Morgan Stanley CEO Ted Pick, whose firm is also testing a beta version of the model, cast the moment in more optimistic terms on Wednesday.
"AI is our friend,"
The U.S. Treasury Department's technology team is currently seeking direct access to the model so it can begin hunting for software flaws, per a Tuesday report from Bloomberg.
The agency is reportedly pursuing this access despite the Pentagon designating Anthropic a U.S. supply chain risk earlier this year following a dispute over military use of the company's AI.
Pushback against concentrated AI power
Anthropic will not make Mythos Preview generally available, according to the company's April 7 announcement about the model. Instead, only members of Project Glasswing, which include select technology companies and financial partners including Morgan Stanley and JPMorganChase, have the ability to privately evaluate the model and prepare defenses, according to the announcement.
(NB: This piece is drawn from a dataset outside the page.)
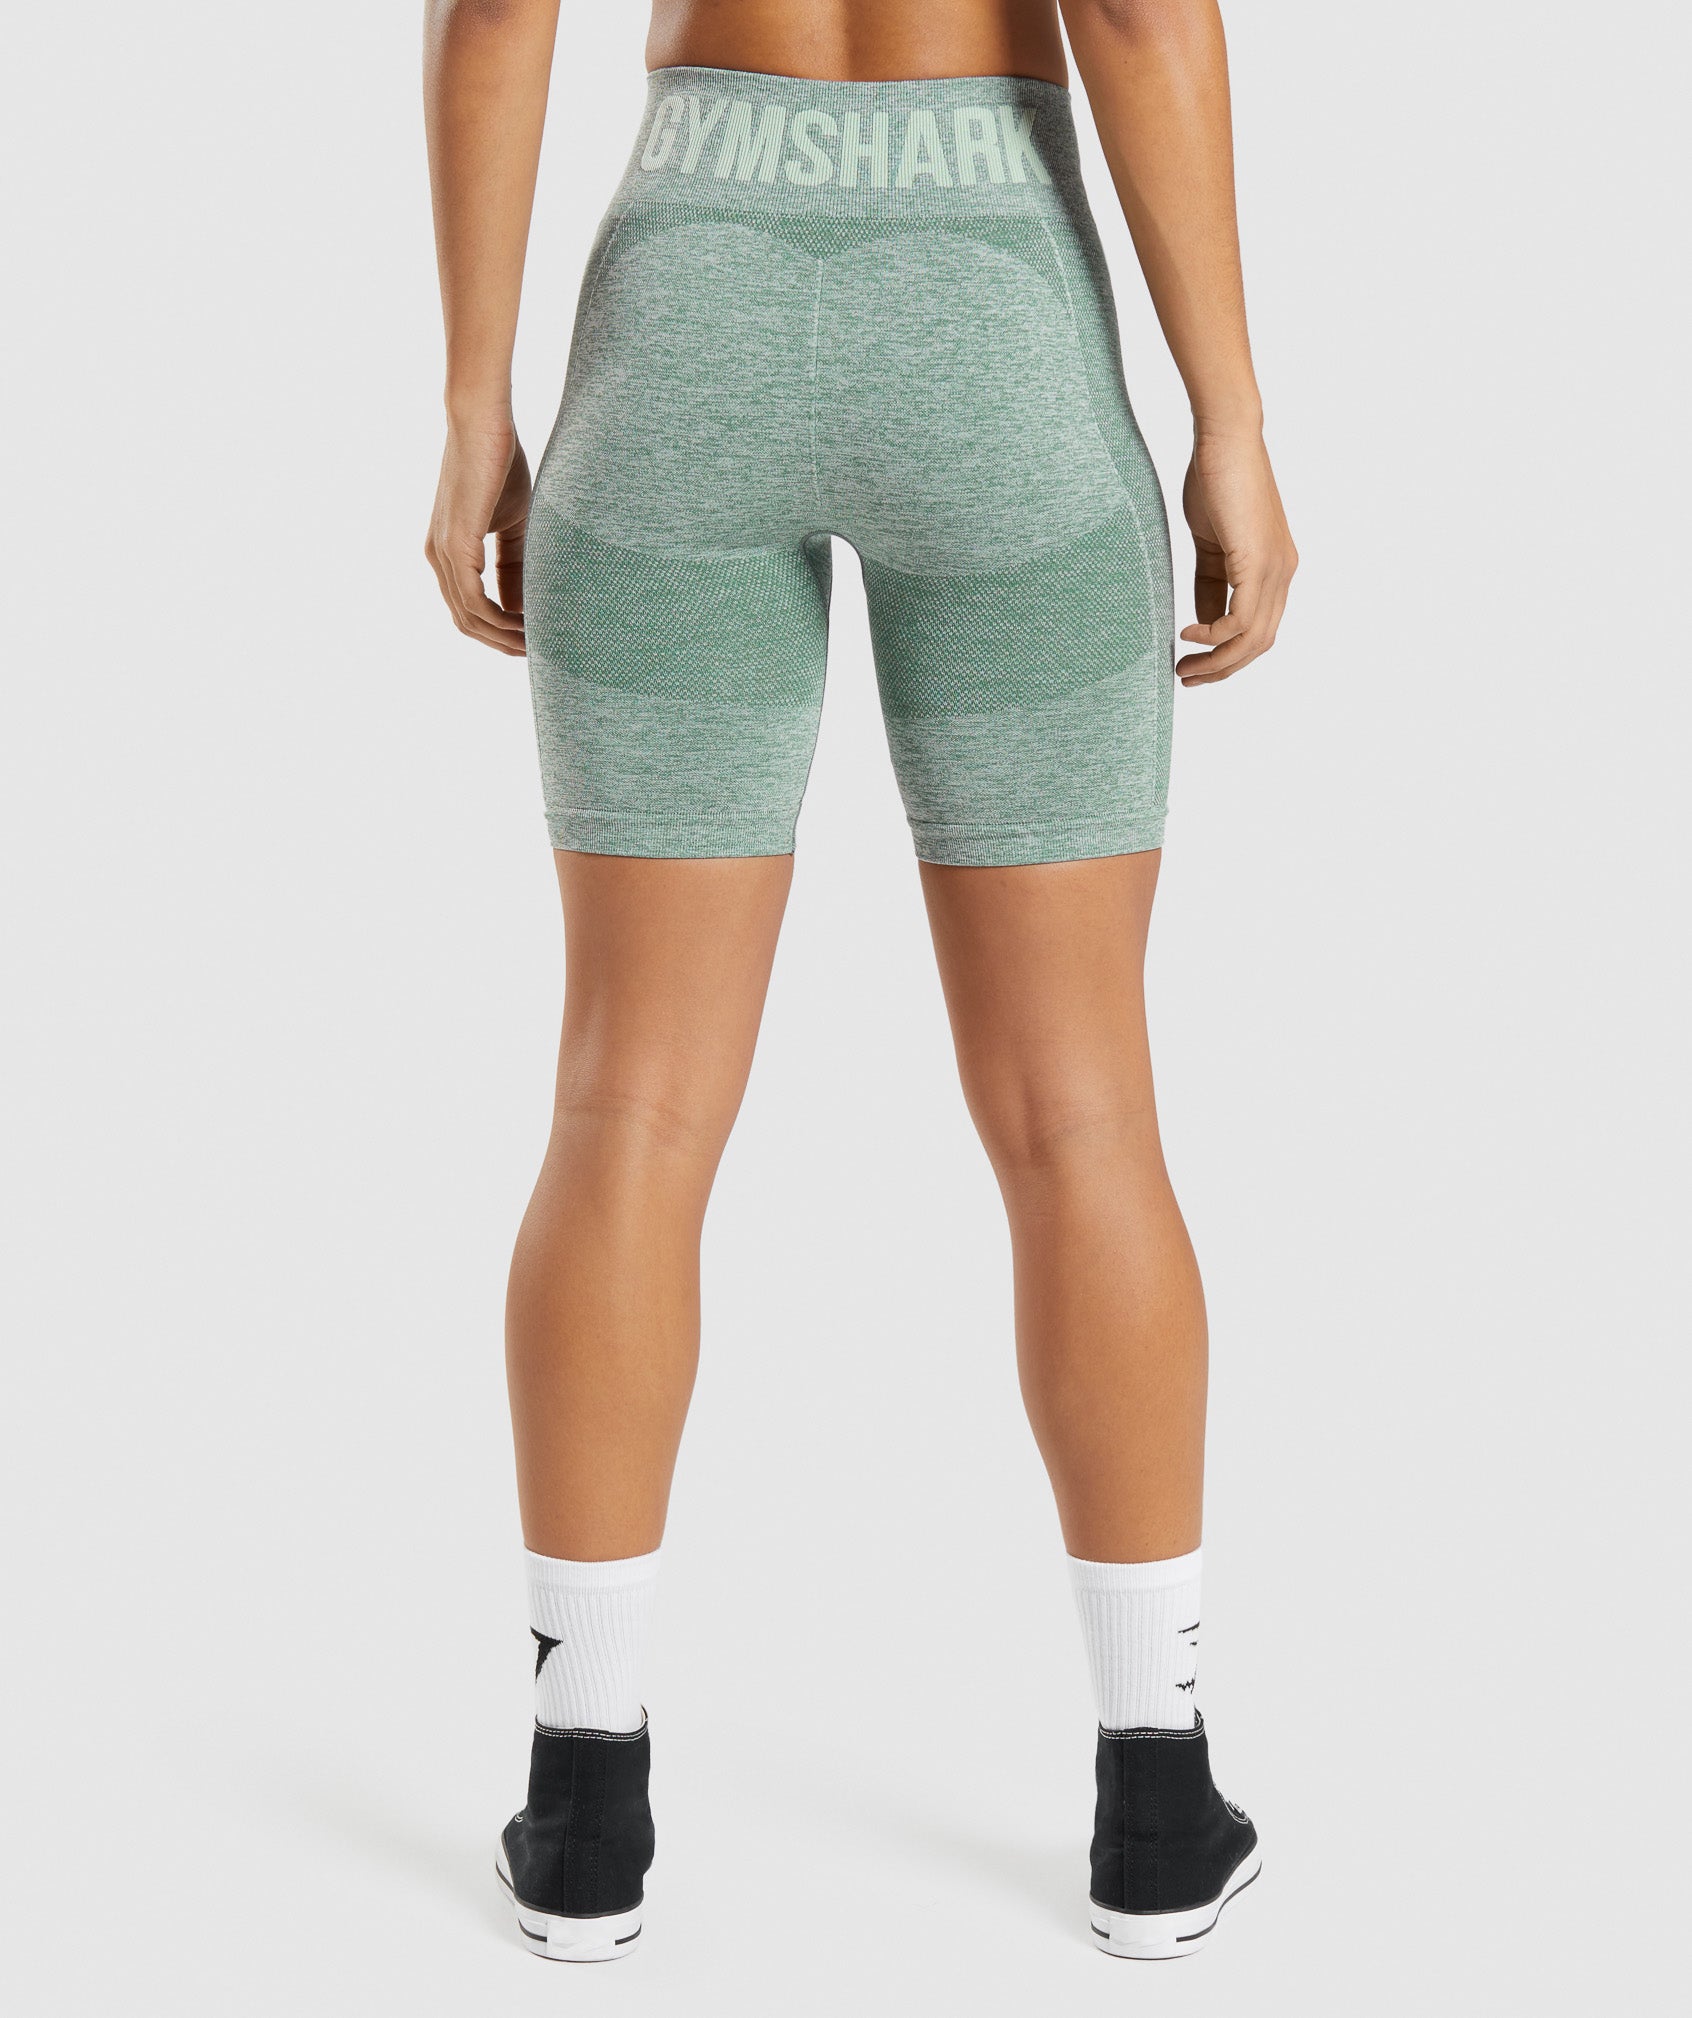 EVERYTHING MUST GO Gymshark FLEX - Cycling Shorts - Women's - lime green  marl/ light grey marl - Private Sport Shop

The private evaluation offers a "unique, early-stage opportunity to evaluate next-generation AI tools for defensive cybersecurity across critical infrastructure," according to Oat Opet, chief information security officer for the bank, as quoted in Anthropic's Glasswing announcement.
Security vendors within the Glasswing coalition defend this restricted strategy. CrowdStrike, a founding member of the project, argues that a clear division of labor is necessary, according to a blog post from last week.
"Model safety is the builder's responsibility," while deployment governance falls to security companies, according to CrowdStrike's post.
However, other technology leaders are highly skeptical of keeping the model locked down.
In his blog, IBM's Thomas strongly criticized the restricted access, warning against concentrating the understanding of these advanced systems within a small number of companies.
As AI transitions into foundational infrastructure, "opacity can no longer be the organizing principle for safety," according to Thomas. He asserted that open-source scrutiny is a prerequisite for resilience, adding that "security improves more often through scrutiny than through concealment."
IBM is not a member of Project Glasswing, but even within the coalition, tech industry leaders acknowledge the tension between closed models and the broader security community.
Linux Foundation CEO Jim Zemlin noted that open-source maintainers, whose code underpins critical systems like banking, have historically lacked the budgets of large security teams.
Zemlin warned that the industry is entering a dangerous transition period where threat actors might gain an early advantage.
To ensure a secure future for the software that powers the economy, access to top AI cybersecurity tools must be "evenly distributed and not concentrated in the hands of the few with the cash and the headcount," according to Zemlin.